## WHAT THE EXERCISE ASKS
Your answer must hold only the lines below from the line containing "1350x1350 Baby Deer" through the line containing "Chipotle Has Finally", each reproduced exactly.

Start of INPUT MATERIAL

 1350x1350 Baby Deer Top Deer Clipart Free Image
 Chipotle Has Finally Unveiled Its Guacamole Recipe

End of INPUT MATERIAL
Start of INPUT MATERIAL

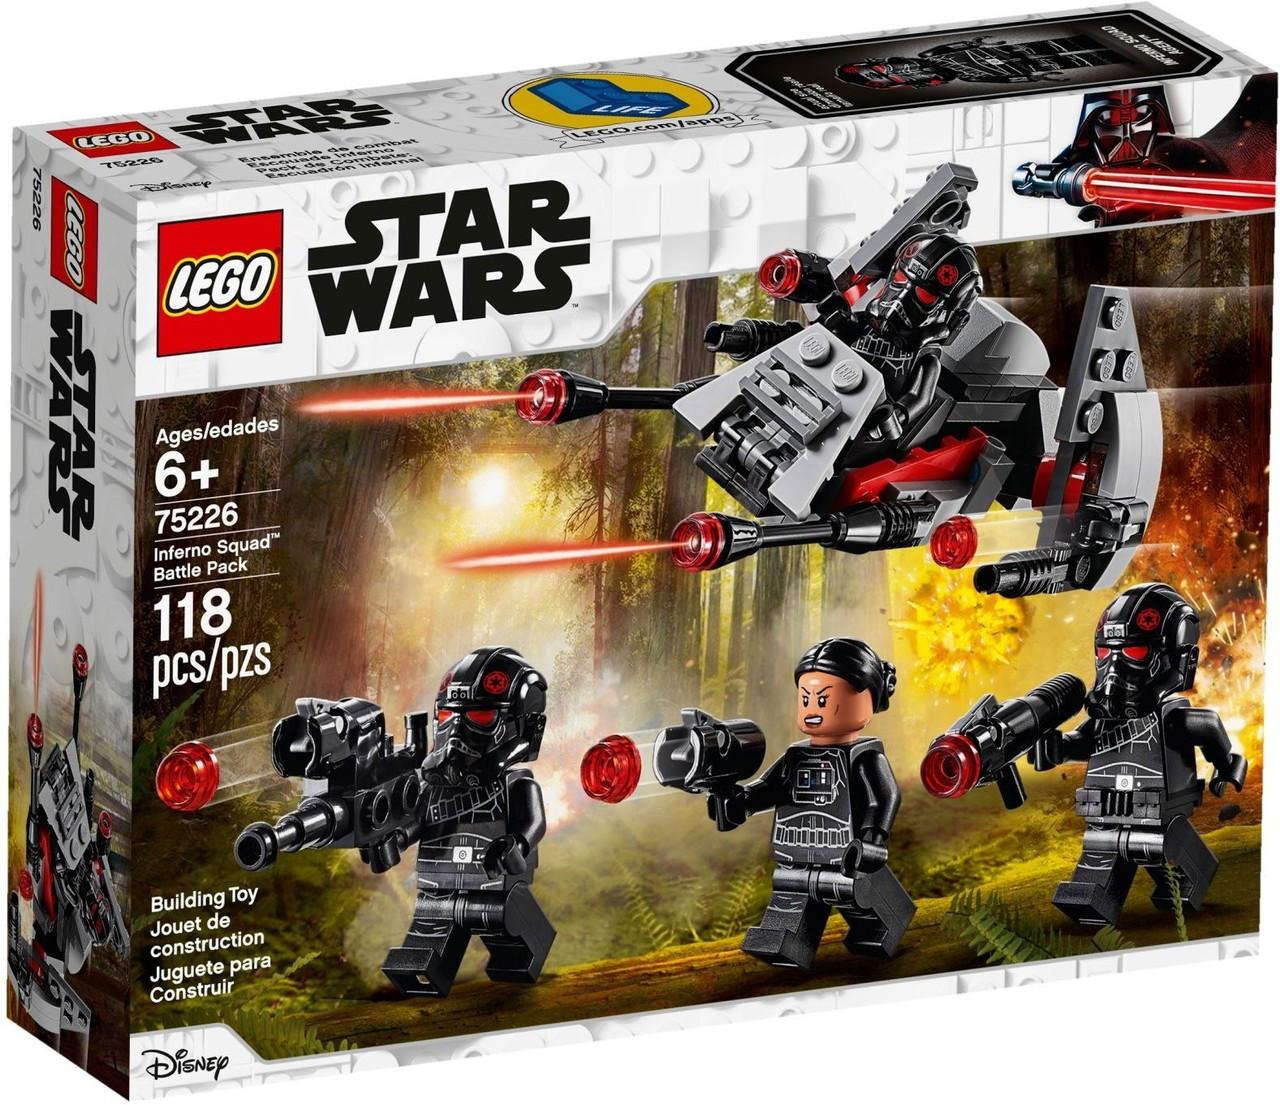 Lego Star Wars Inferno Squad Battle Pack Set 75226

End of INPUT MATERIAL

## ANSWER BELOW
 1350x1350 Baby Deer Top Deer Clipart Free Image
 Chipotle Has Finally Unveiled Its Guacamole Recipe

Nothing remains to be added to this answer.